As far as pattern welded blades are concerned, I have dealt with those. There seems to be no discernible difference in forging techniques between Alemanni pattern welded blades from around 600, say, and later Viking era blades from 800 or later. That is no surprise if all these blades were actually forged in the same region, along the lower Rhine. The people who made them may have been called Celts, Romans, Alemannis, Merovingians, Suebians, Franks or whatever - they had the necessary knowledge and passed on their skills and trade secrets to their progeny.
So let's forget about pattern welded Viking's swords and turn to the interesting stuff:

Viking era swords include
all-steel swords

With "all-steel" swords I mean swords made mosly from relatively high carbon steel. Maybe from just one piece of steel but mostly by piling (or laminating) several pieces.
In fact, after about 800, pattern welded blades slowly disappeared and were replaced by all-steel swords. After about 1000 AD only all-steel swords were made. So far historians saw that as an indication that a kind of revolution in sword forging techniques took place. Here are some quotes:
  • "Shortly before the tenth century, a new technique of blade forging was developed in the Rhineland. With this new innovation, Frankish smiths improved the strength of the blade while also enhancing its maneuverability. The new Frankish sword became highly sought after by the Northmen as well as by the Saracens to the south. This new technique created hard-elastic blades, which were entirely steel." 2)
  • "Eighth-century blades were often damascened, but this practice began to die out in the ninth century, almost certainly as a consequence of improved forging techniques which produced blades of higher quality steel." 3)
Is that true? No, it isn't. We shall see why in a moment. First let's look at the alleged revolution from a customers point of view.
Pattern welded swords could only have disappeared because an alternative became available - all-steel swords - and because the customers went for it. What reasons could there be for this behavior of sword owners? I can think of four:
  1. All-steel swords became just as good or even somewhat better than the pattern welded ones at comparable or even somewhat higher costs. Than important people will switch because it is cooler to have the new design. I'm talking fashion here, as I did before.
    If your status is low, you tend to emulate your superiors and thus you also go for an all-steel sword with the new cool shape but with a cheap hilt / pommel.

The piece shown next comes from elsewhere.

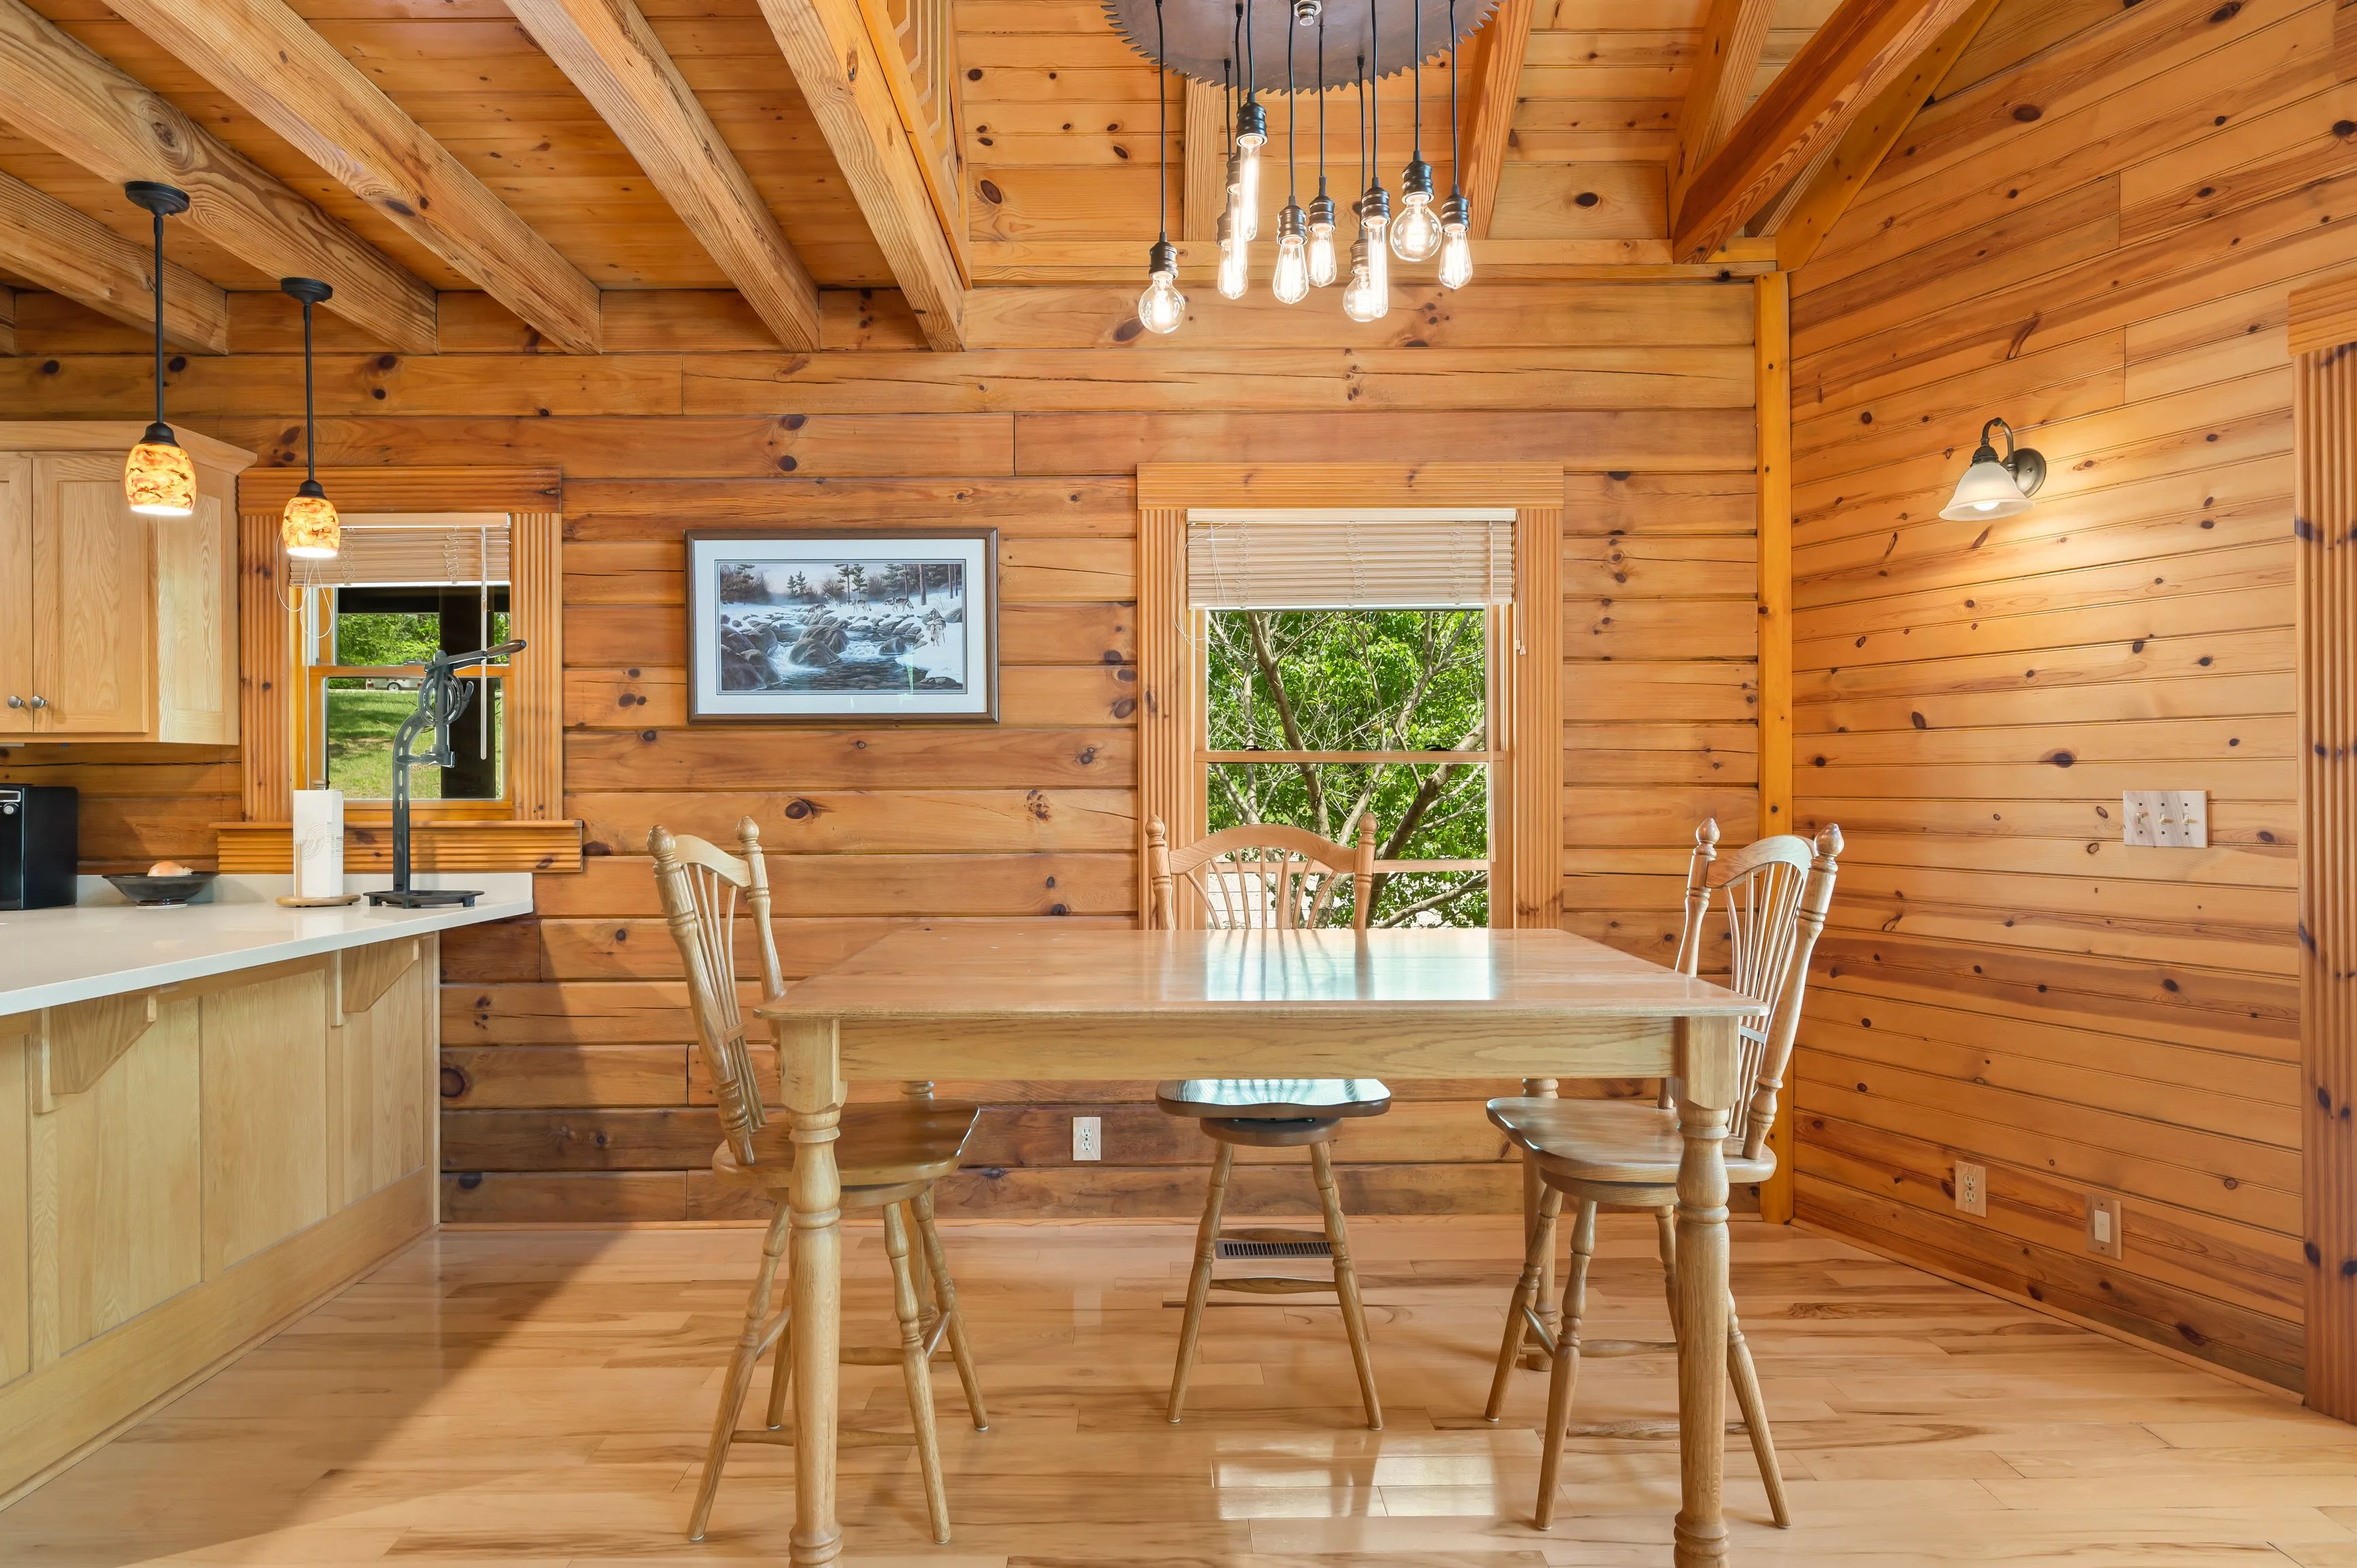 Interior of a cozy wooden cabin kitchen with dining table, chandelier, and kitchen counter.

  2. All-steel swords became much better at comparable prices than pattern welded swords. Than anybody in the army or otherwise given to killing people by the sword needed to have one; your life is at stake here, after all.

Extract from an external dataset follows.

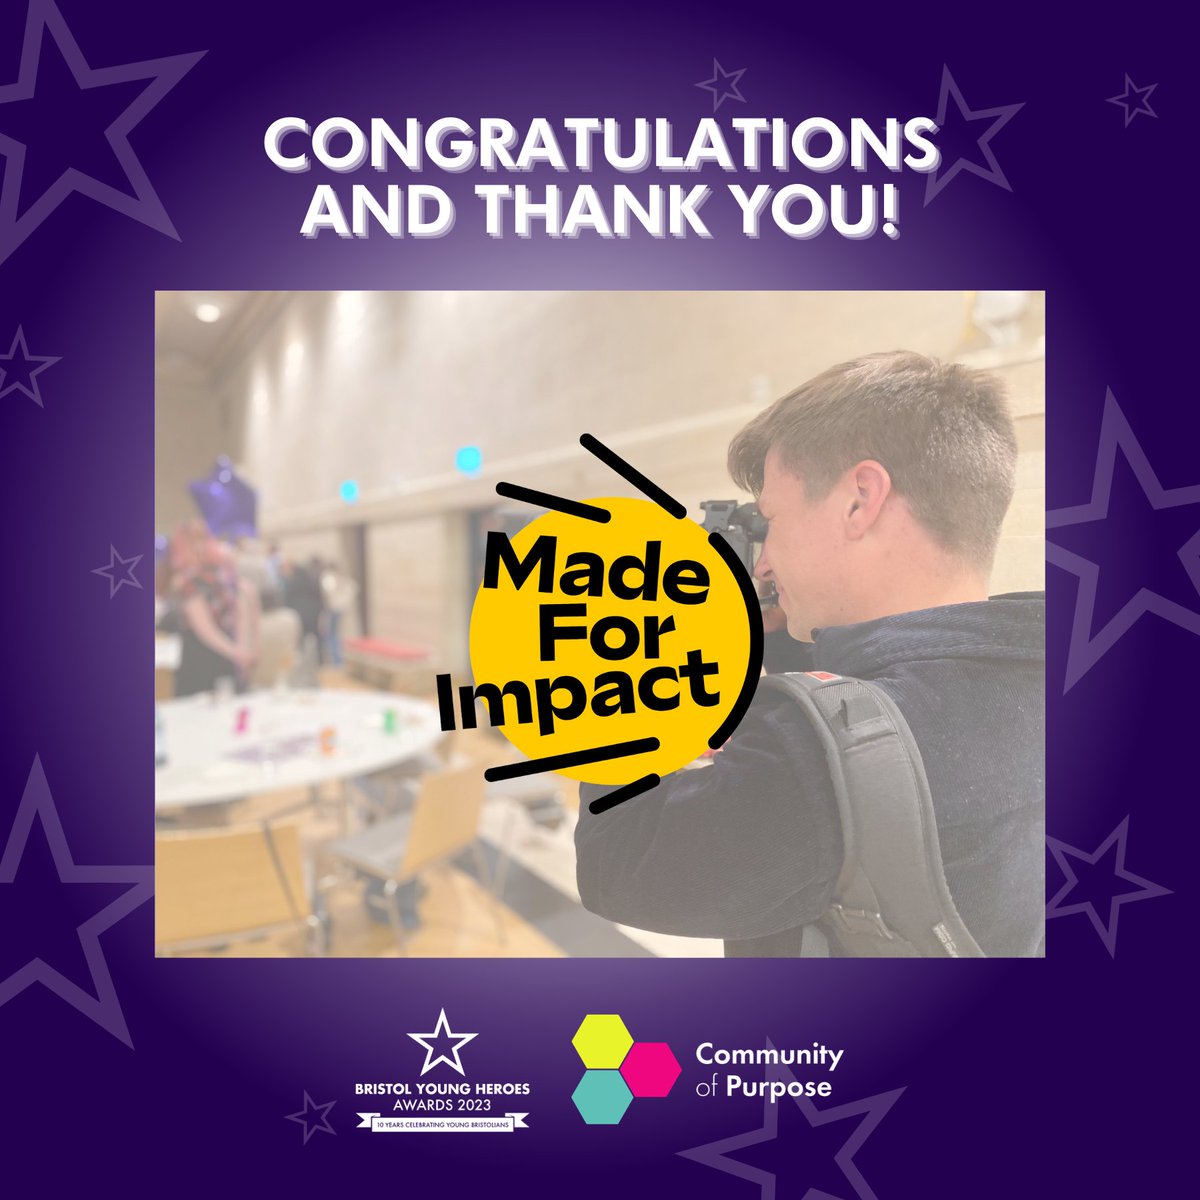 Dougie is our photographer & videographer, he helps out on all the projects that we run & this year is part of the delivery team for BYHA. Studio Duo has recently relaunched as @Made_For_Impact. Congratulations, we are so pleased for you! Thank you for all of your support!

  3. All-steel swords became much cheaper at comparable quality. Than all the upper crust guys who were required by their liege lords to equip largish numbers of soldiers with weapons would be going for it.

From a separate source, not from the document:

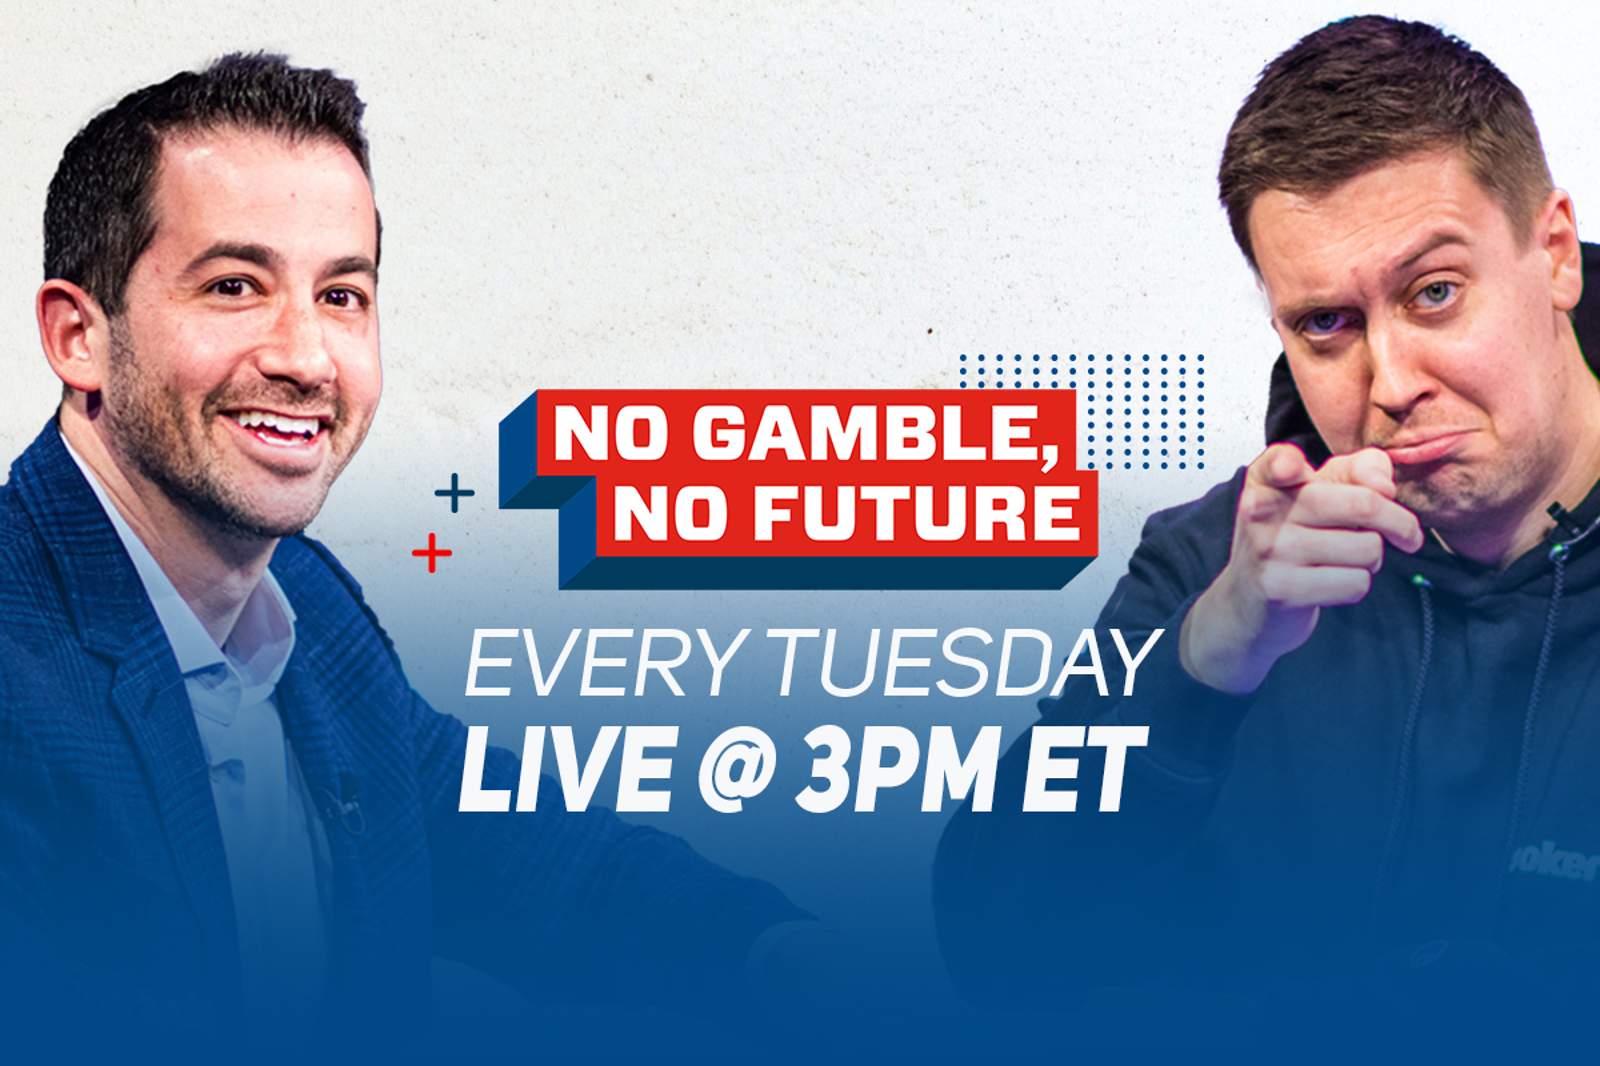 No Gamble, No Future Episode 2 on Today at 3 p.m. ET

  4. All-steel swords were much better and much cheaper than pattern welded ones. No comment needed; large amounts of money could now be made.
  The first point is easy to see. It is simply inconceivable that people who could afford a costly pattern welded sword with a fancy hilt would settle for less than the best. They might have wanted something different than their ancestors for fashion reasons but they would not settle for something technically inferior. As long as pattern welded swords carried the day, all that could be done fashionwise was to change the hilt and to a smaller extent the shape of the blade. As long as your sword is in its sheath nobody sees your fancy pattern welded blade anyway, so it makes sense to announce your high status by fancy hilts and pommels. So full steel swords must have been at least as good or likely better than pattern welded ones - and that is perfectly reasonable from a "theoretical" point of view; I'll get to that.
The second point is obvious; no need to enlarge upon it here.
The third point need a bit of explaining. During the building of the Frankish empire and ever since, the organization of warfare changed. Before Charlemagne and his peers, an "army" was more or less an assemblage of whatever local chieftains could raise and put at the disposition for their Overlord. Their equipment consisted of whatever they could afford; swords were rather rare; look a the statistics here. Charlemagne's army, while still put together from men send by his vassals (in particular bishops and abbeys), was heavily armed with standard equipment that was specified in detail. This cost money and one can be rather sure that cheaper products that met specifications were favored by the ones who had to pay. The soldier himself had nothing to say in that.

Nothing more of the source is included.